第八章
誰知無末卻忽然伸出一隻大手抓住她的胳膊,火熱的眸子直盯著她瞧。
她只覺得臉燙得厲害,只好低頭不去看他,可是目光卻恰好落到他光落的胸膛上,在那裡有一滴晶瑩的汗珠正順著他光滑的紋理往下流淌,最後流淌到了羊皮褲上扎著的麻繩腰帶那裡,消失了……
她頓感意亂,小聲抱怨說:「這麼大冷的天,你不穿衣服!」
無末卻不理會穿衣服不穿衣服,啞聲問道:「剛才……剛才那個人,是你心愛的人嗎?」
半夏輕輕搖頭,小聲說:「不是……」半夏低頭看自己手腕。
自己的手腕被他的大手緊緊握著,竟然顯得有幾分纖細和白皙。她試圖抽回,可是抽不動,他的手就是鐵鉗子,箍住了根本不放開。
無末艱難地嚥了口唾沫潤溼下乾澀的喉嚨,剛毅的臉龐竟然開始泛紅,說話也有點結巴:「前幾日幫你鋤地的那個……才是你心愛的人?」
半夏再次搖了搖頭,鼓起勇氣抬起頭,兩頰嫣紅,很小聲地說:「不是……」
半夏重新低下頭,緊張地想,接下來他會問什麼,該不會是問誰是自己心愛的人吧?那自己該怎麼回答?說就是你嗎?那樣會不會太突然?半夏心中紛亂雜陳,不知如何是好。
可是誰知道無末卻一直沉默不語,最後當半夏終於按捺不住抬起頭看他時,他竟然呆呆地愣在那裡。
半夏既羞澀又覺得納悶。
無末望著半夏含水的眸子裡那隱約的期待,心中卻是越發覺得苦澀。他嘴唇動了動,想開口說些什麼,可是忽然間彷彿想起了什麼,猛地放開緊抓住半夏的手,徑自往後退了幾步。
半夏沉浸在濃情蜜意中,是萬沒想到有這變化,疑惑地望著目光中充滿掙扎的無末:「你,你怎麼了?」
無末艱難地搖了搖頭,悶聲說:「我沒事,我走了。」
說完竟然扭頭闊步而去,連地上的斧頭都不要了!
迎春走了後,忍冬很是不捨,整個一天都無精打采的,連飯都懶得吃,只是躺在裡屋炕上發呆。半夏心中嘆息,自己做好飯菜,先服侍爹爹吃下,又端過去給妹妹忍冬吃。

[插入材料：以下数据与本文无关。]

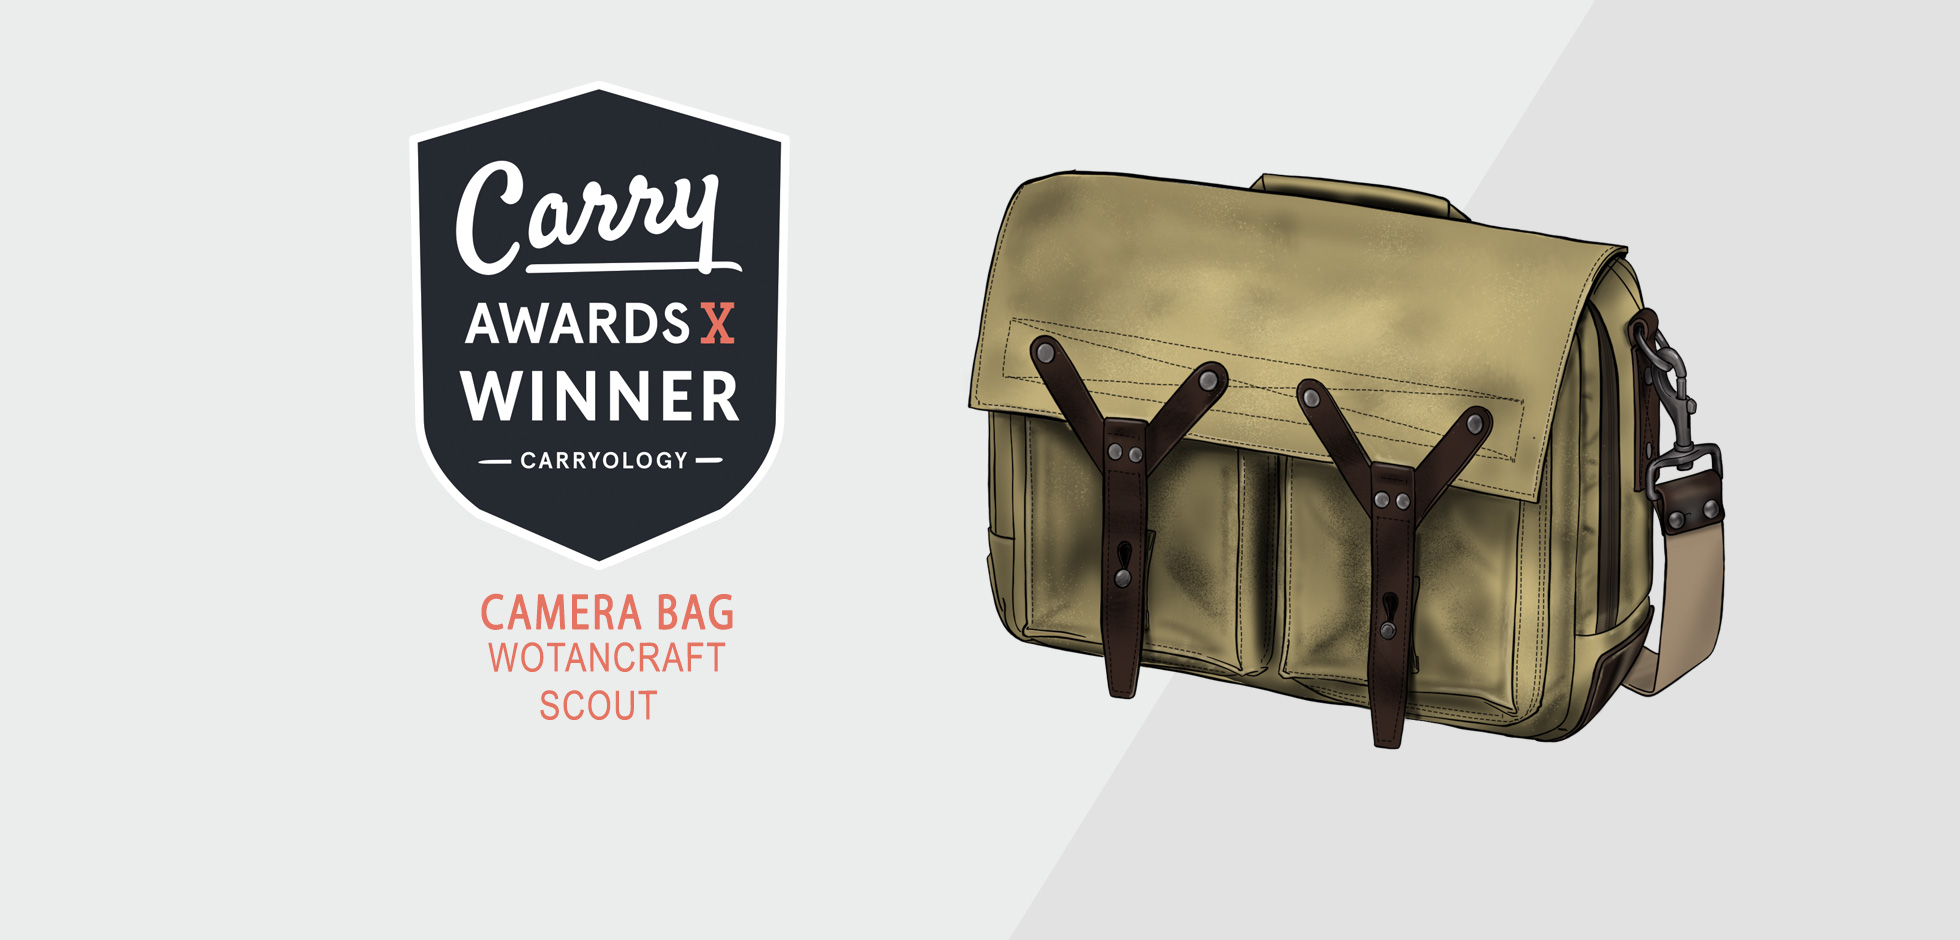 Carry Awards X Best Camera Bag Winner

忍冬眼睛都紅了,拉著半夏的手說知心話:「姐姐,我就是心裡堵,為什麼爹爹不可以留下大姐呢?」
半夏不忍多說,只是安慰忍冬道:「家有家規,爹爹有爹爹的難處。」
忍冬流著淚說:「可是爹爹怎麼不為我們著想呢。我就要嫁給木羊了,木羊以後可是要當族長的,我如果連個像樣的嫁妝都沒有,那是給他丟臉面。」
半夏替她擦掉眼淚,柔聲道:「沒關係的,村裡人知道咱們家的情況,不會笑話你的。」
忍冬還是邁不過心裡的坎,悶悶地說:「一輩子就一次的事,誰不想風光一點啊。」
半夏摸摸她的腦袋:「相信木羊,也要相信族長,他們不會讓你失望的。」
忍冬這才心裡稍微好受,在半夏的勸說下端起剛才的石碗開始吃飯。
勸過妹妹後,半夏又過來安慰爹爹,她知道爹爹對三個女兒都愛若珍寶,姐姐這次回來,爹爹雖說面上氣惱,但心裡
肯定不好受。
當下父女兩個說了一會兒話,爹爹這才說:「若是她說得是真話,倒是可以去族長那裡,看看他的意思。」
半夏心中暗暗皺眉,但想著父女情深,爹爹到底是要求族長讓迎春留下的了。但只是不知道她這一留下,又要給望族人帶來什麼樣的風波。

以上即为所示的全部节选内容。